Wall Street’s “Big Three” Credit Agencies All Downgrade CT, in Six-Day SpanMay 18, 2017
Moody's, Standard & Poor's, and Fitch Ratings downgraded from an "AA" rating to an "A" rating this week, the latest string of bad news for the state.
Standard & Poor’s (S&P) Global Ratings downgraded Connecticut to an “A+” rating on Wednesday, from “AA” status, as the state’s deficit grows and a budget deadline approaches for state leaders.
Reuters reported that the downgrade made Connecticut “one of the lowest-rated states in the country”:
That makes Connecticut one of the lowest-rated states in the country, with Fitch and Moody’s ranking only Illinois and New Jersey worse. For S&P, Connecticut is now rated A+ with a stable outlook, fourth worst behind Kentucky.

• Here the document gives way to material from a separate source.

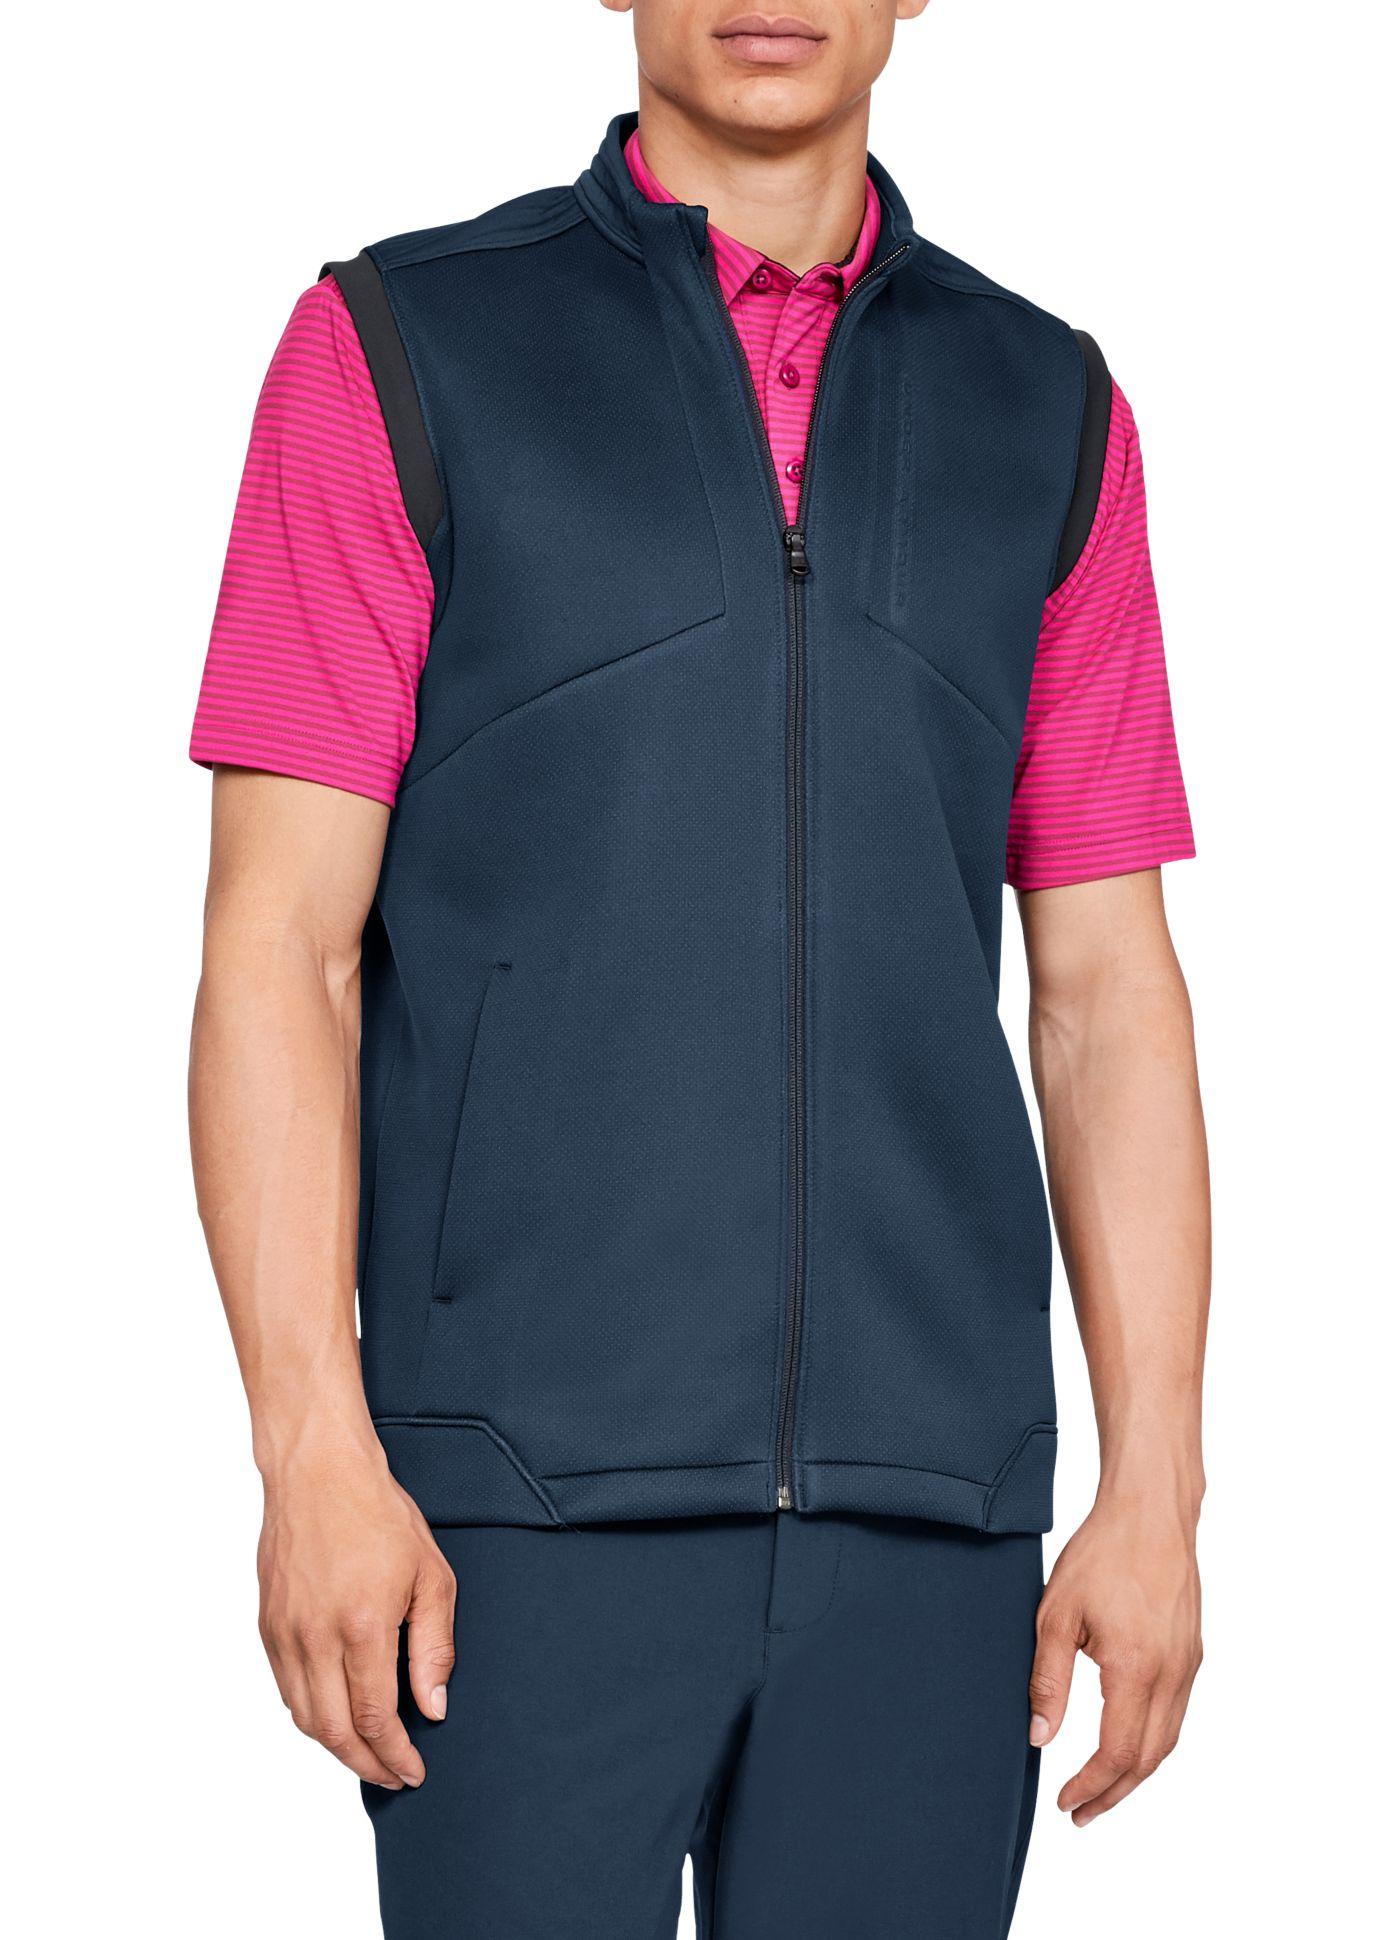 Under Armour Men's Storm Daytona Golf Vest

S&P was the third of the ‘big three’ credit agencies to downgrade Connecticut this week.
Last Friday, Fitch Ratings downgraded Connecticut from “AA-” to “A+,” due to outstanding bond debt and “chronic economic and fiscal challenges.”
On Monday, Moody’s Investor Services downgraded Connecticut from “Aa3” to “A1” due to the “continuing erosion of Connecticut’s finances, evidenced by the pending elimination of its rainy day fund, growing budget gaps and rising debt levels.”
Bond ratings are determined mostly by “a bond issuer’s financial strength, or its the ability to pay a bond’s principal and interest in a timely fashion.” Ratings run from a high of “AAA” to a low of “BBB-.”